Chief health officer Jeanette Young says 65 per cent of Queensland are overweight but many do not even realise.

“I’m not surprised people are saying I’m not different to family and friends,” she said.

“The vast majority are over the weight we want them to be, that’s becoming the norm.”

She says there are serious health problems associated with obesity.

“It means there is fat around the internal organs, it’s called toxic fat for good reason because it really is dangerous,” she said.

Health Minister Laurence Springborg hopes the ads will shock people into action.

“Some of these ads will be a little bit confronting, there’s no doubt about that but we can’t afford to tiptoe in the tulips anymore,” he said.

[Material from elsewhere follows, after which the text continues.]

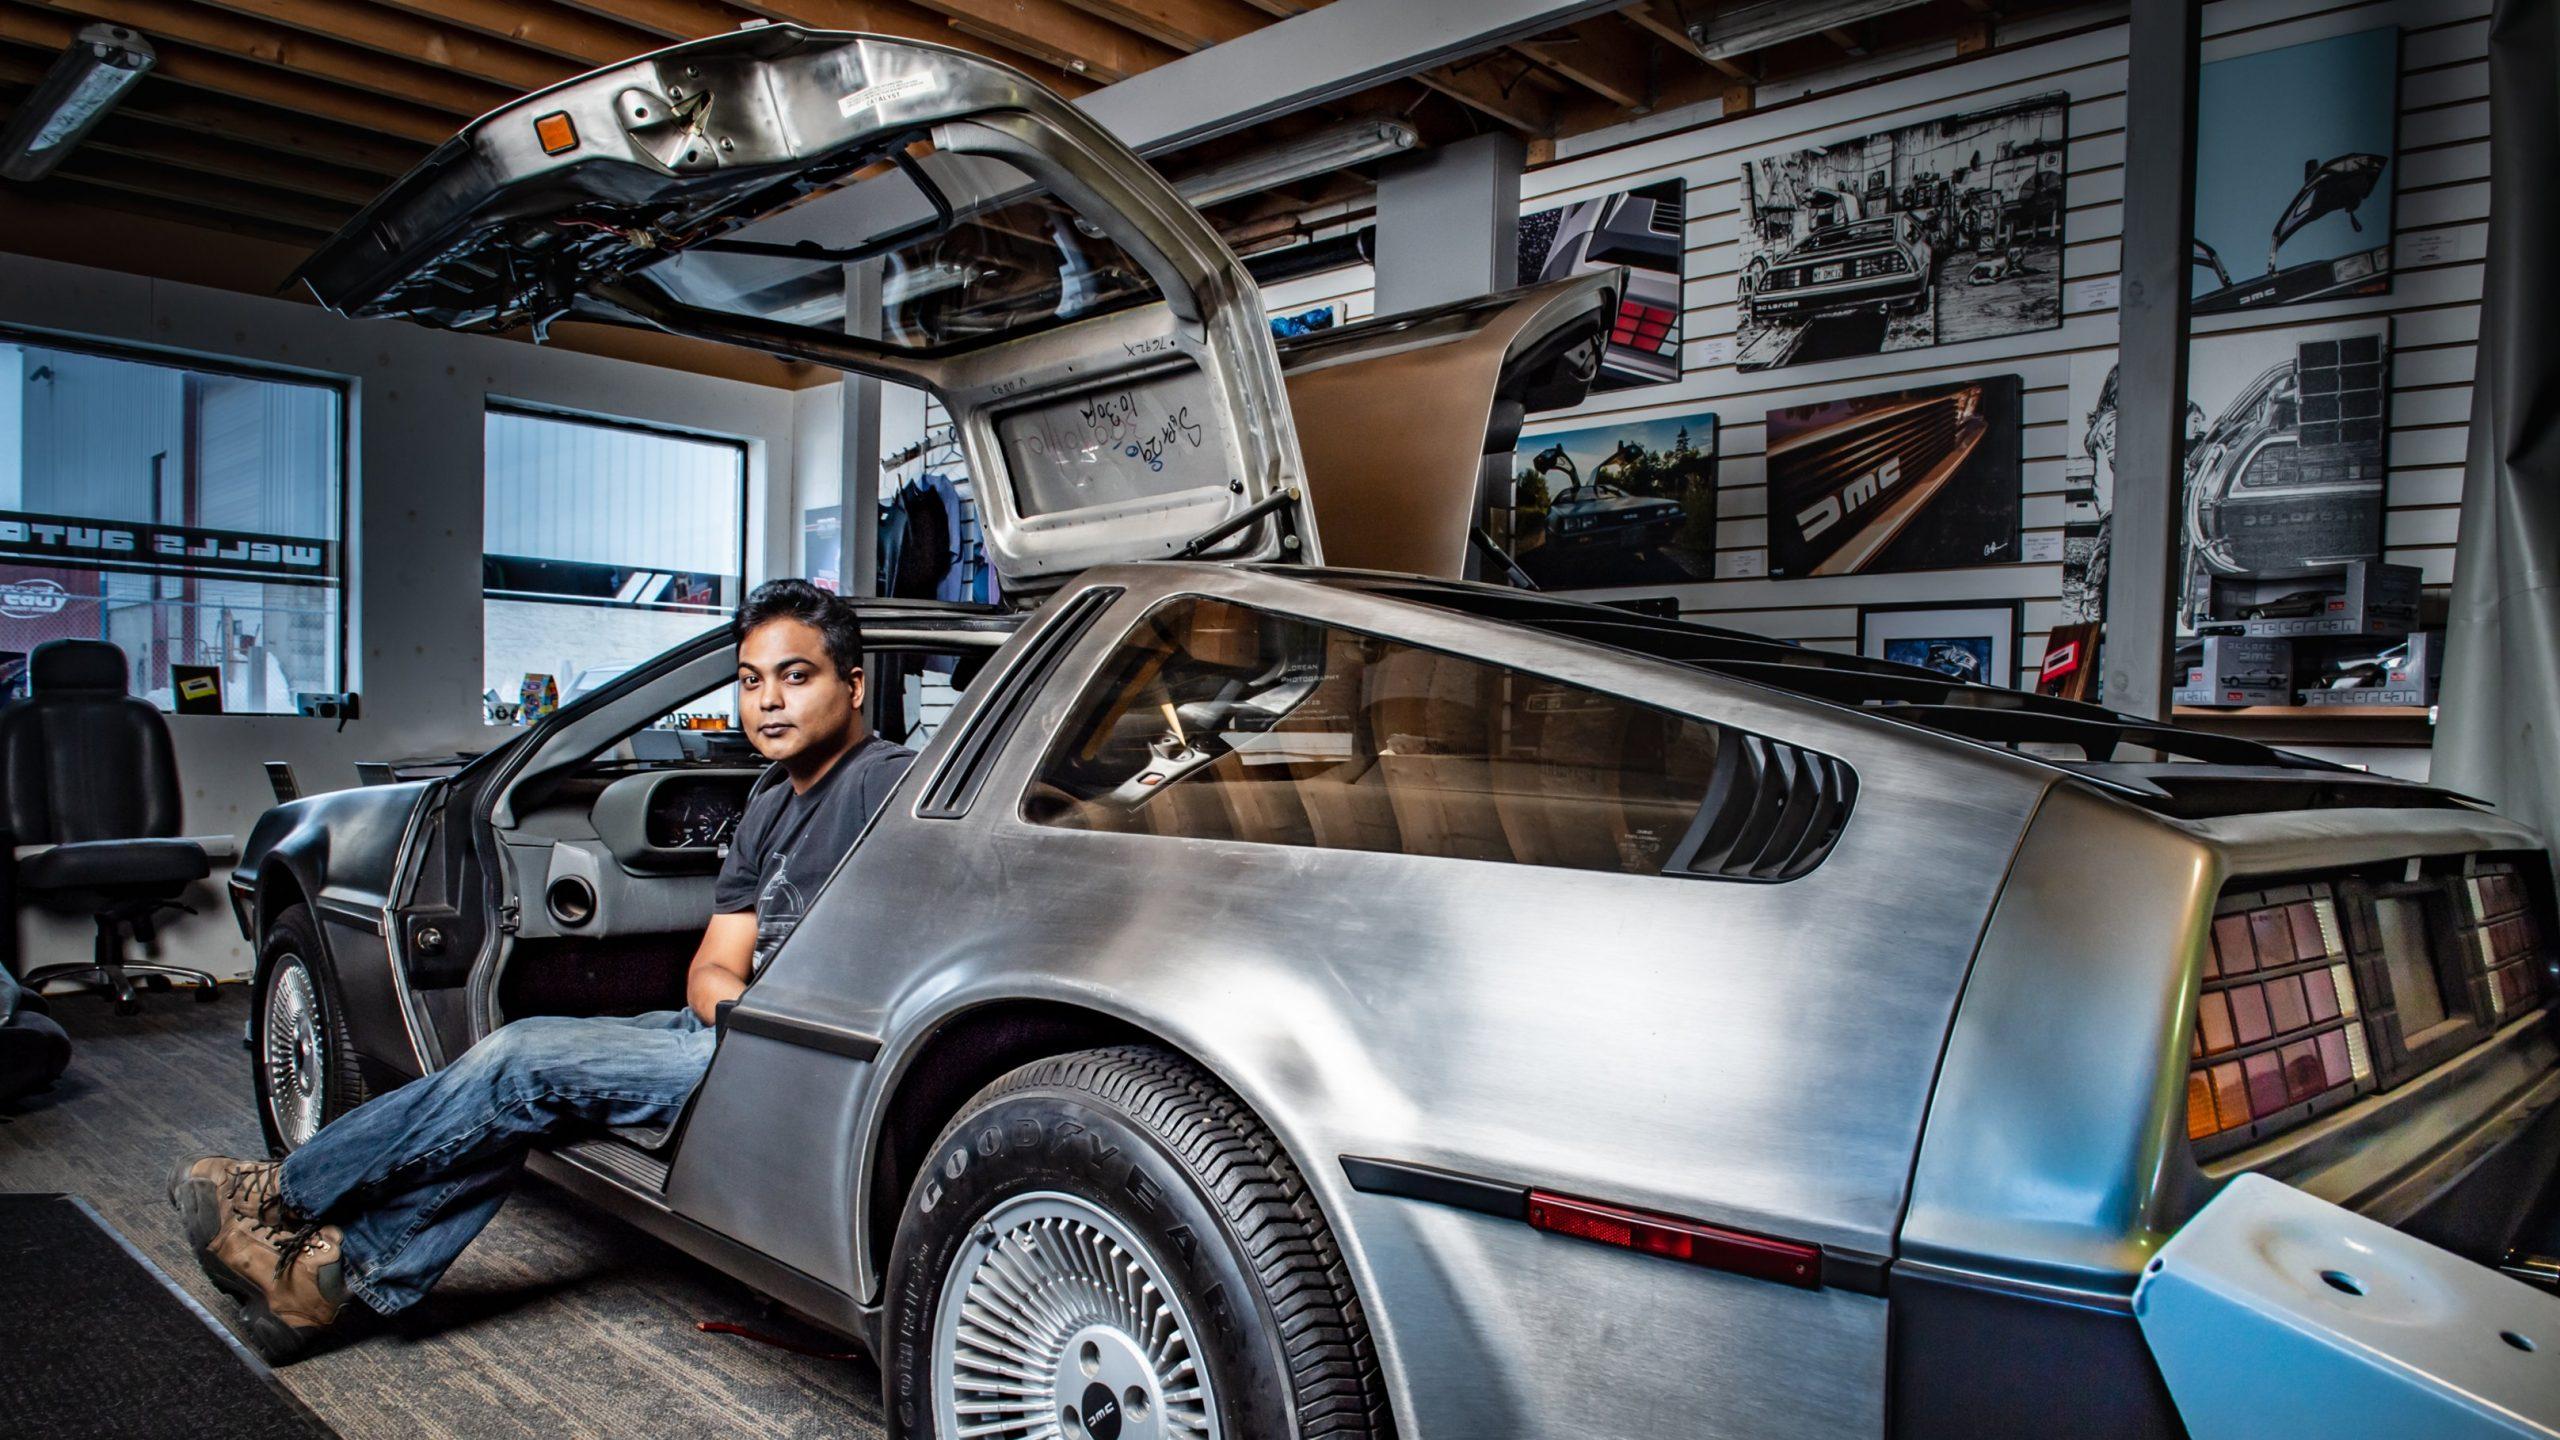 Restoring DeLorean

Figures give first regional measure

The National Health Performance Authority, an independent agency that began work last year, has provided the first local break down of obesity rates in Australia.

The central Victorian region of Loddon-Mallee-Murray recorded the highest rate, with 41 per cent of adults weighing in as obese.

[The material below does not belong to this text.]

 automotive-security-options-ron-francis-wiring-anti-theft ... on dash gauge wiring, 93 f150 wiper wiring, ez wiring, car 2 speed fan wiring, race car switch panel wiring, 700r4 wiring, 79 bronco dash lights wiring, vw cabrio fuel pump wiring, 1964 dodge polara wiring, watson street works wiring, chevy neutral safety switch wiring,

Central Queensland is was not far behind at 39 per cent.

In the north Queensland region of Townsville/Mackay and in West Moreton/Oxley in the state’s south-east obesity affected 38 per cent of adults.

The Townsville region south to Mackay was also listed as the second fattest community in the nation.

Combining overweight and obese categories in the region spanned 75 per cent of the adult population.

That figure falls to 63 per cent in far north Queensland and the Darling Downs, west of Brisbane.

The Sunshine Coast has the state’s leanest adult obesity problem at 22 per cent.

The report found almost 11 million adult Australians were either overweight or obese in 2011 to 2012.

It also concluded that the problem continues to worsen.